STORED DATA.
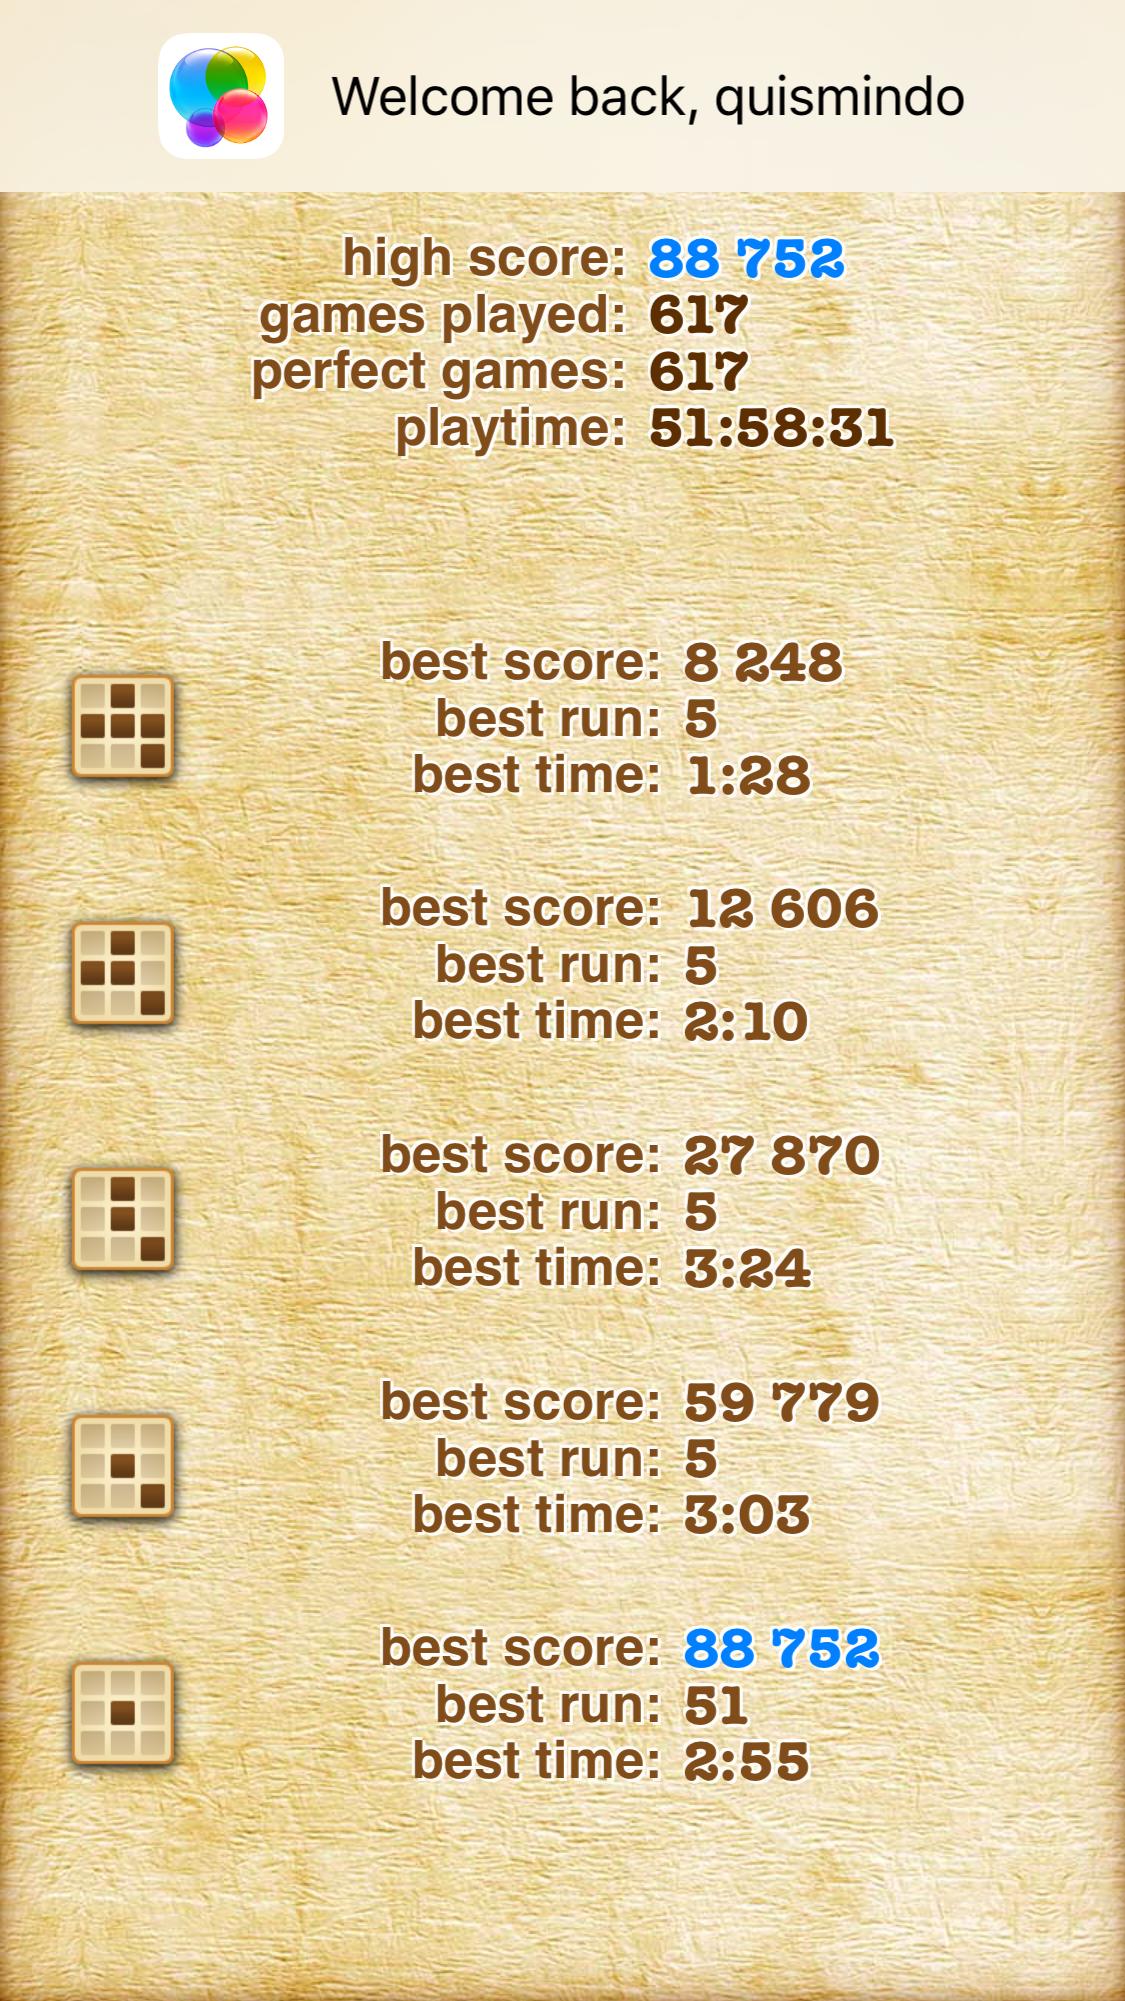 Maxwel: Sudoku 2 Pro [Easy] (iOS) 12,606 points on 2016-01-31 11:27:08
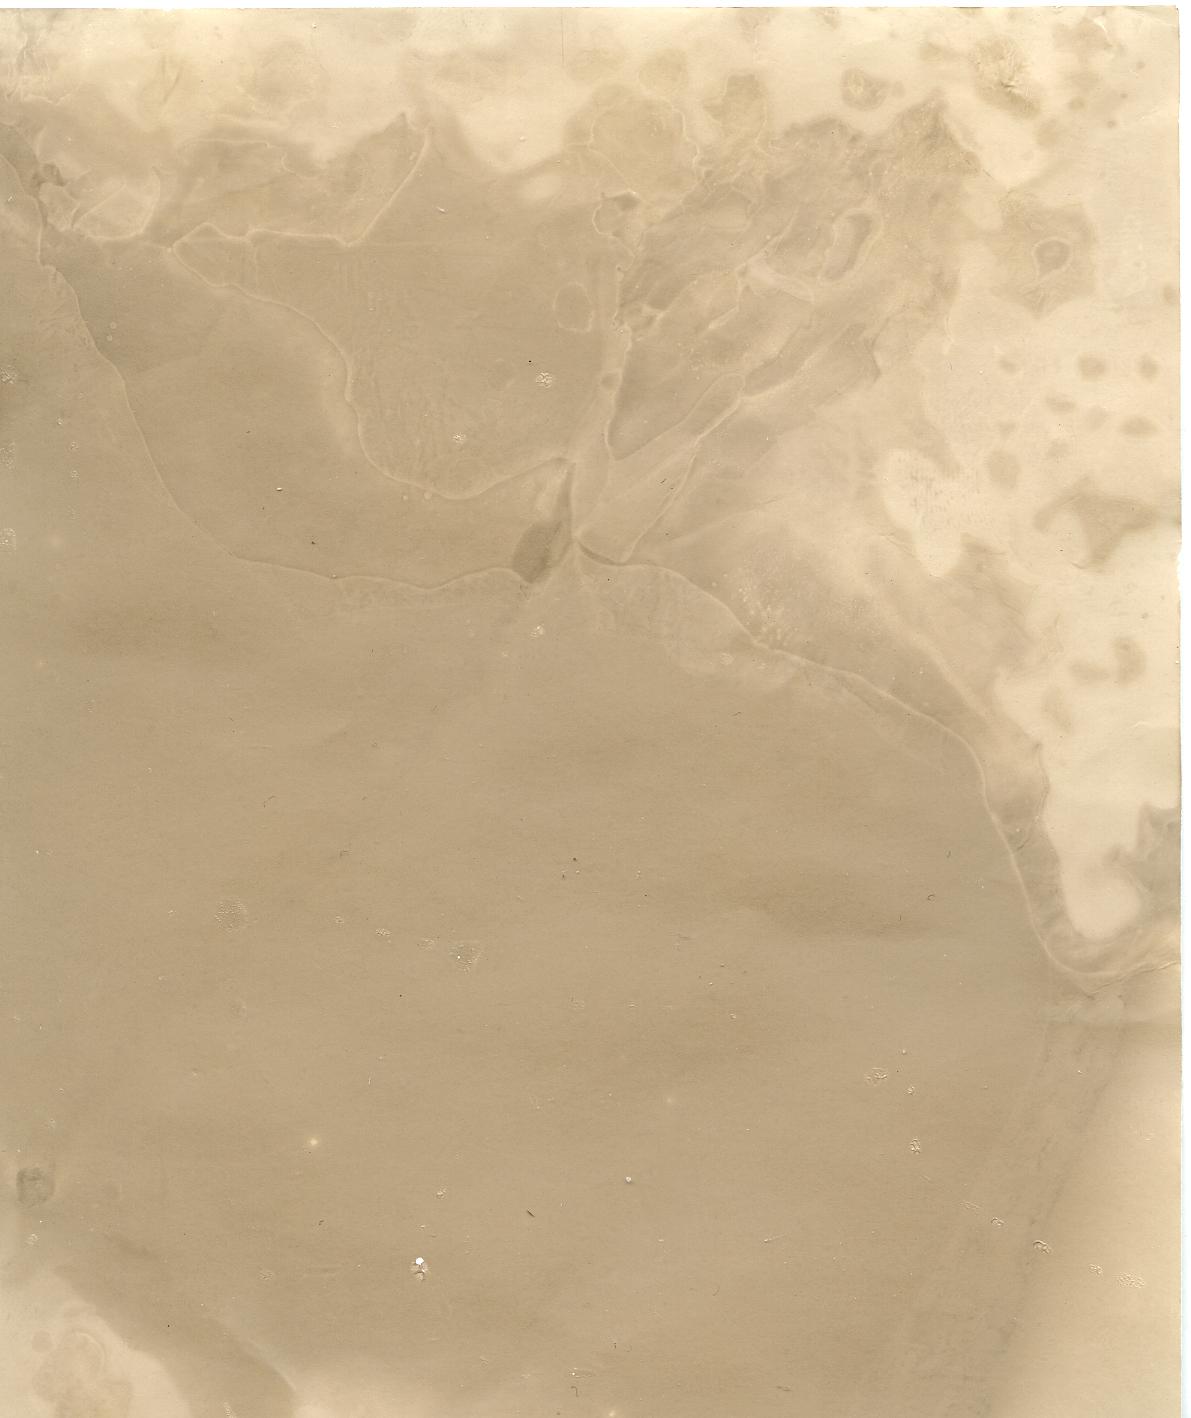 lumen-water-7.jpg
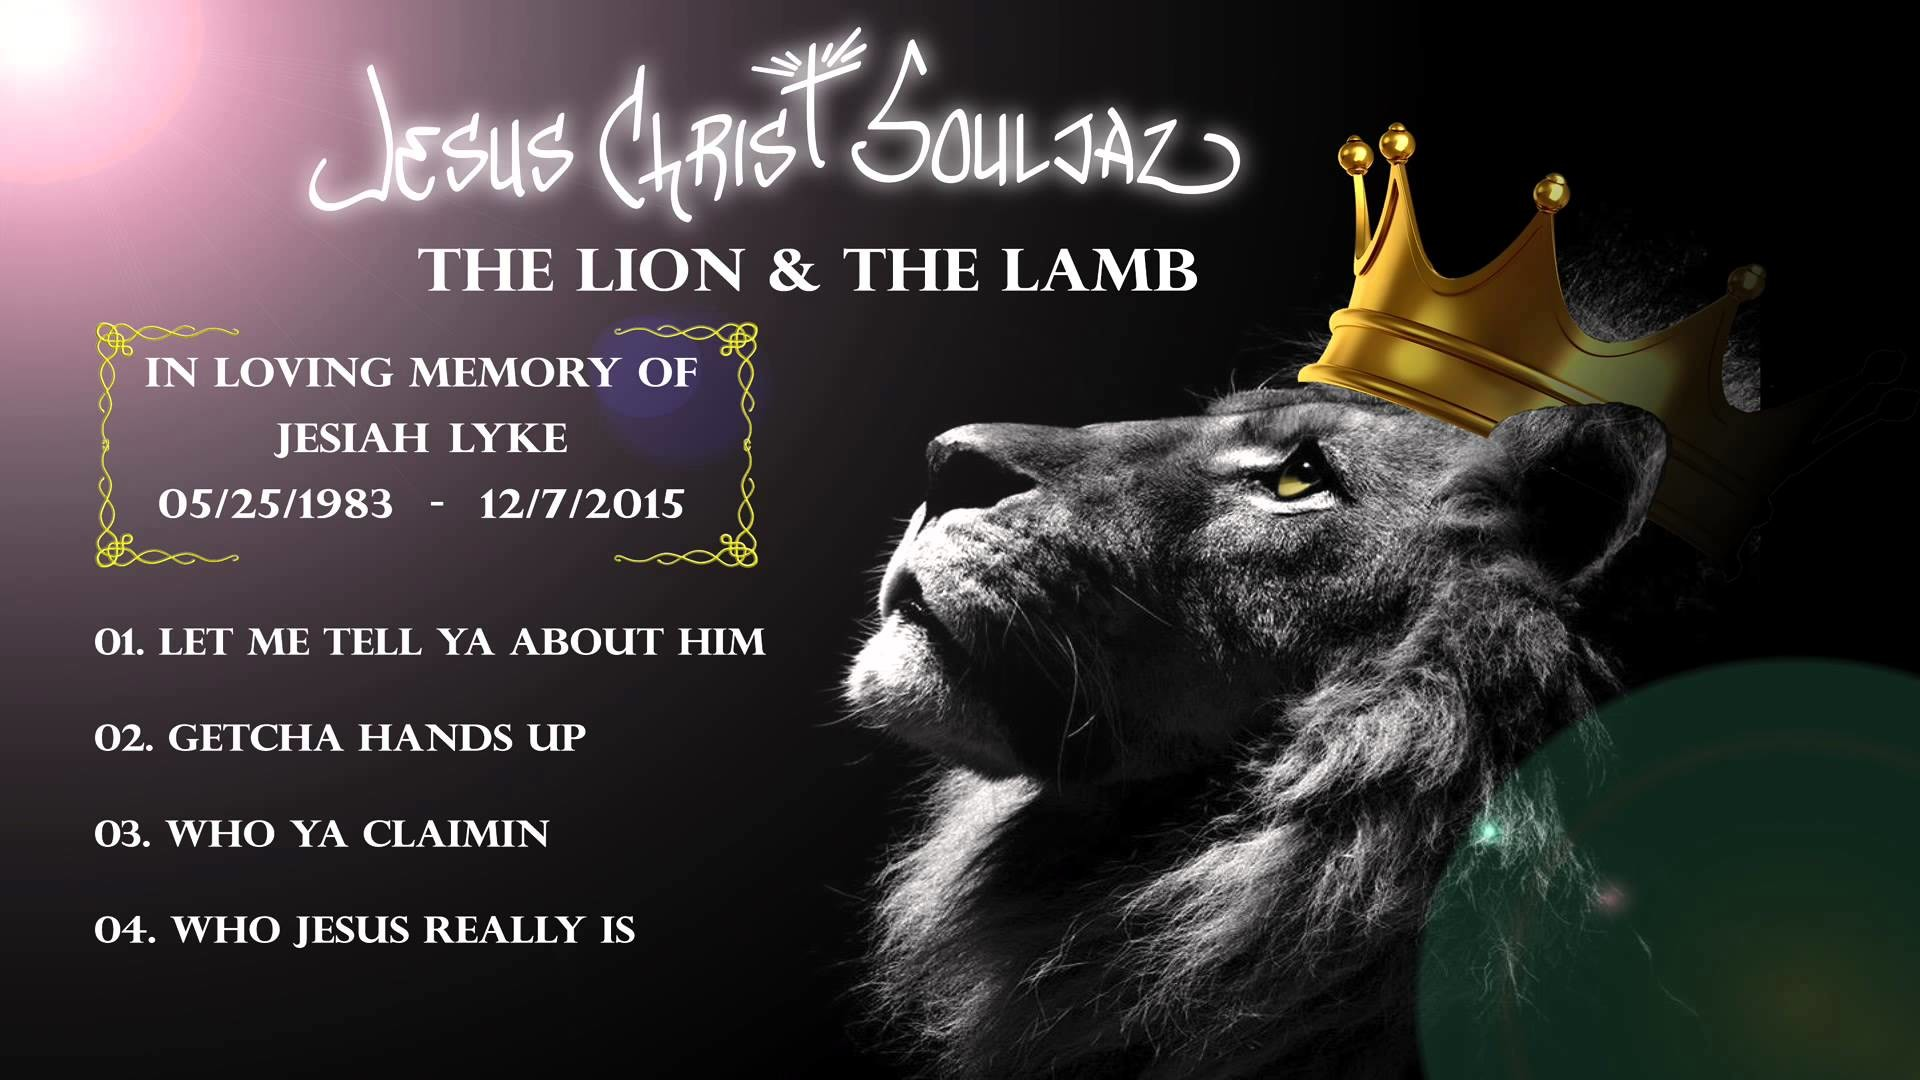 Jesus Christ Soldiers, The Lion & The Lamb

TASK REQUIREMENTS. Set down the data again, exactly, without images.

OUTPUT FOR THIS EXERCISE.
 Maxwel: Sudoku 2 Pro [Easy] (iOS) 12,606 points on 2016-01-31 11:27:08
 lumen-water-7.jpg
 Jesus Christ Soldiers, The Lion & The Lamb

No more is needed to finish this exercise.